Devil’s Due’ yet another forgettable horror movie
Demonic horror flick “Devil’s Due” opened on Jan. 17, demonstrating yet again that decent films in this genre are few and far between. Long gone are the days when the likes of “The Shining” and “The Exorcist” proved that the horror genre was more than just cheaply produced, poorly scripted film ventures.
A bigger problem for “Devil’s Due,” beyond the flat-lining plot and less-than-professional acting, is its lack of originality. It is as if the film’s writer, Lindsay Deviln, and her directors simply borrowed a few ideas (demonic presence in the womb, a honeymoon gone wrong and newlyweds having trouble in paradise) from a handful of other B horror films for this lackluster project. The most obvious element that was exported from other films is the home video-style camera work best known from the “Paranormal Activity” series.
While honeymooning in the Dominican Republic, Samantha (Allison Miller) and Zach (Zach Gilford) McCall are cursed with a demonic presence during a night of hard partying on the beach, which they cannot remember. Samantha discovers she is mysteriously pregnant the next morning and as the movie continues, the couple begins to see that the baby inside of her is the antichrist who at the same time possesses her as well.
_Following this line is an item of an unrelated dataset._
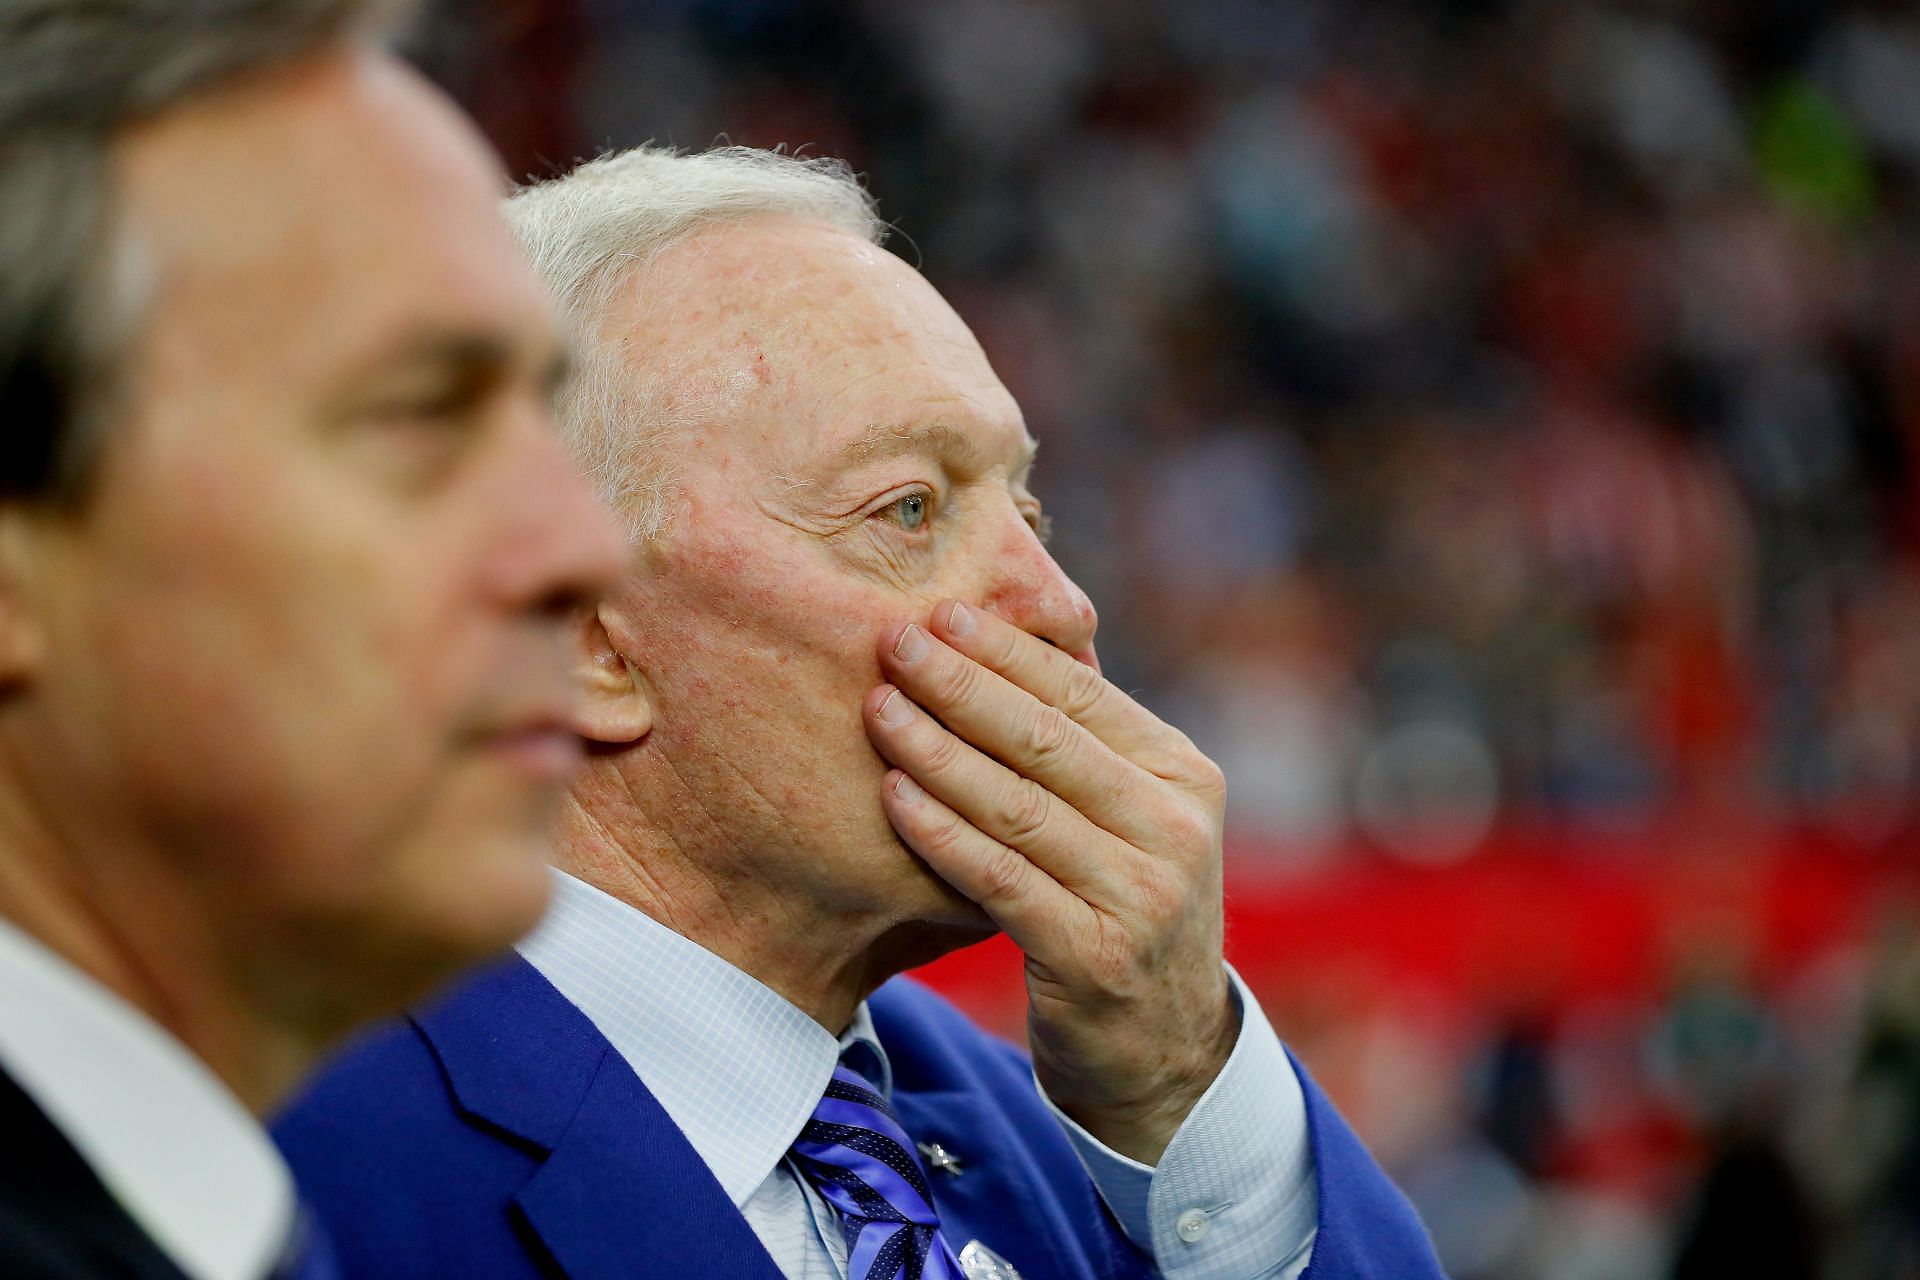 Dallas Cowboys owner/general manager Jerry Jones

Soon-to-be father Zach catches all of the haunting and gory events that unfold on his video camera as he tries to capture footage for a family history chronology dedicated to his child.
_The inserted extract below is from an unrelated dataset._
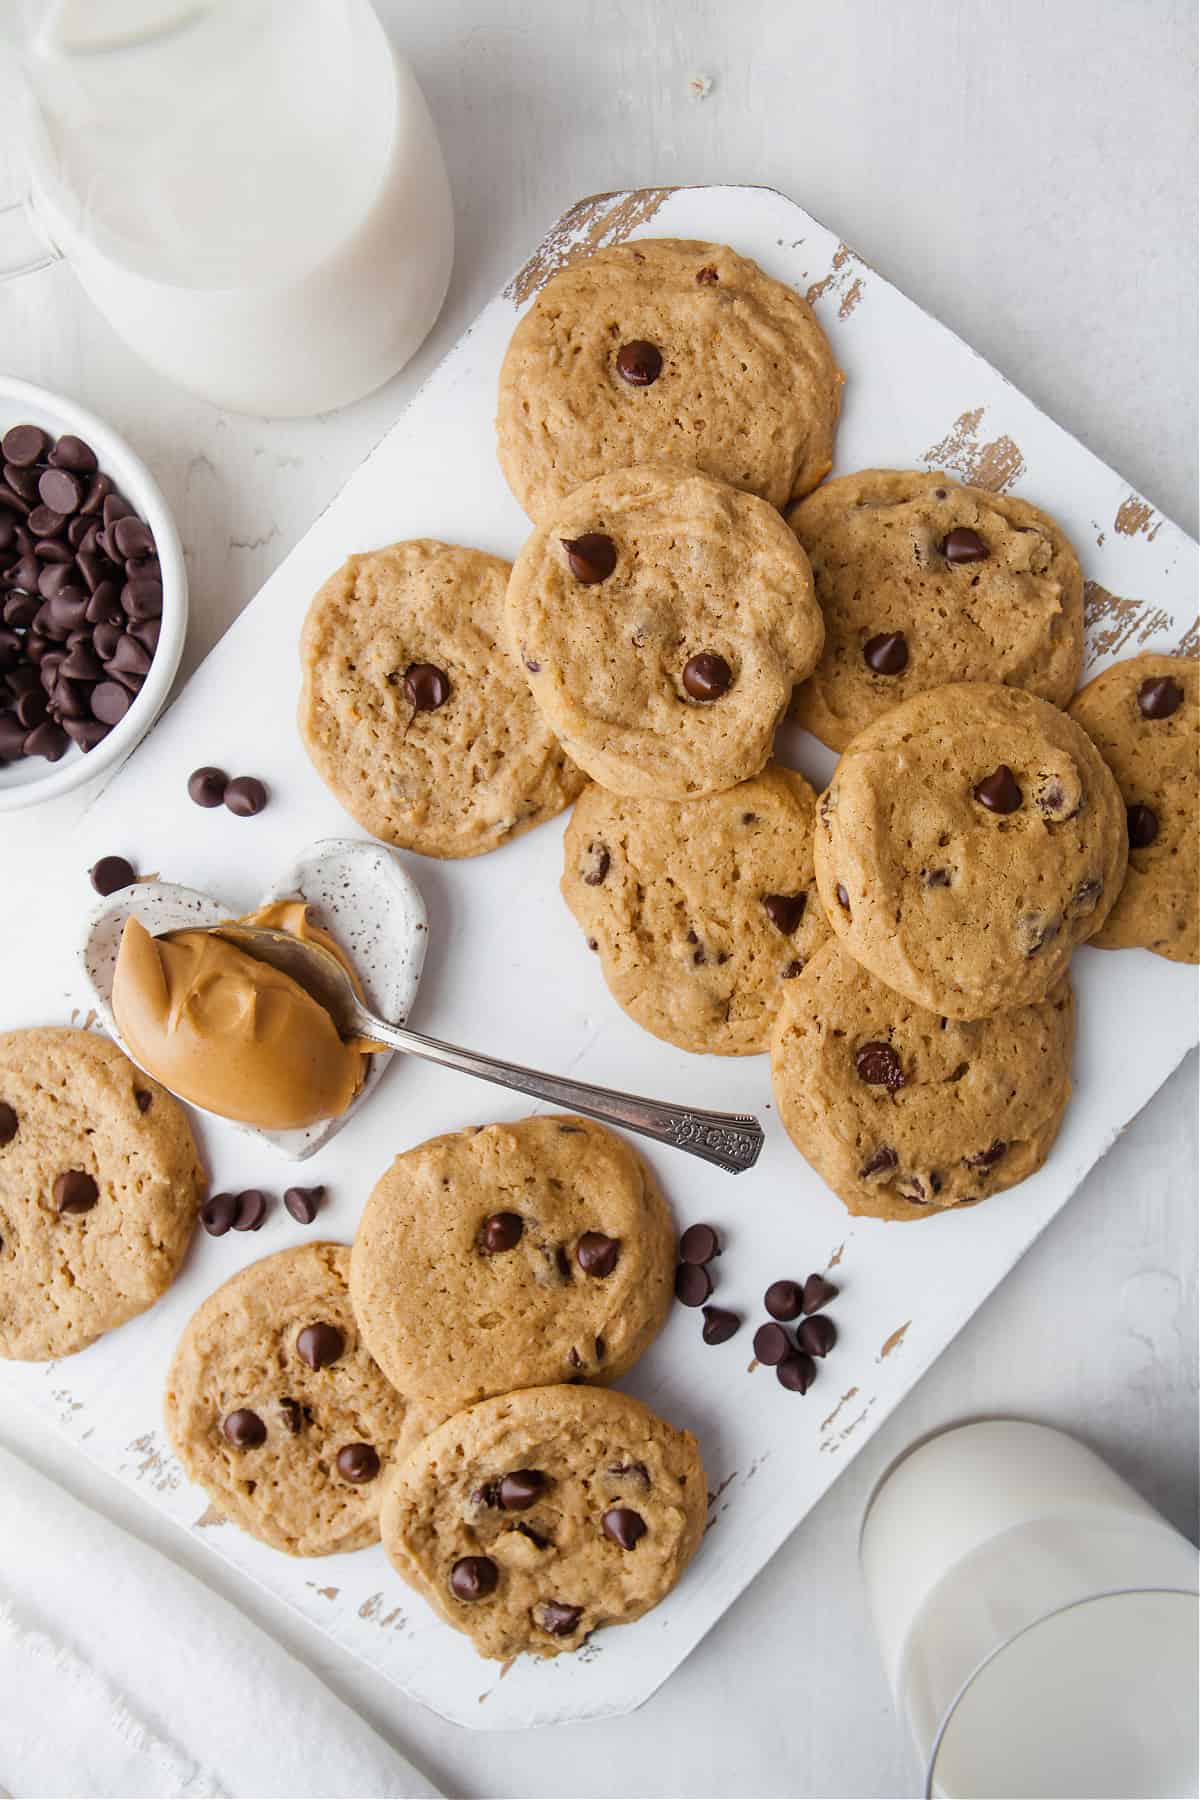 a top view of cookies on a white board next to a bowl of chocolate chips and a glass ofmilk

Part of what makes “Devil’s Due” a forgettable film is that the sequences don’t flow, making them difficult for the audience to follow. Quite a few moments aim to have the audience jump out of their seats in fright, but they are empty attempts because there is no real lead-in, no rising action to suggest there is pressure building up enough to scare.
If you’re searching for substance in a horror film, “Devil’s Due” is not what you are looking for. It fails to bring anything to the table other than brief spurts of gore and an overused demonic plot. If you want a horror movie that throws around blood and substitutes guttural screams for dialogue, then you have a winner.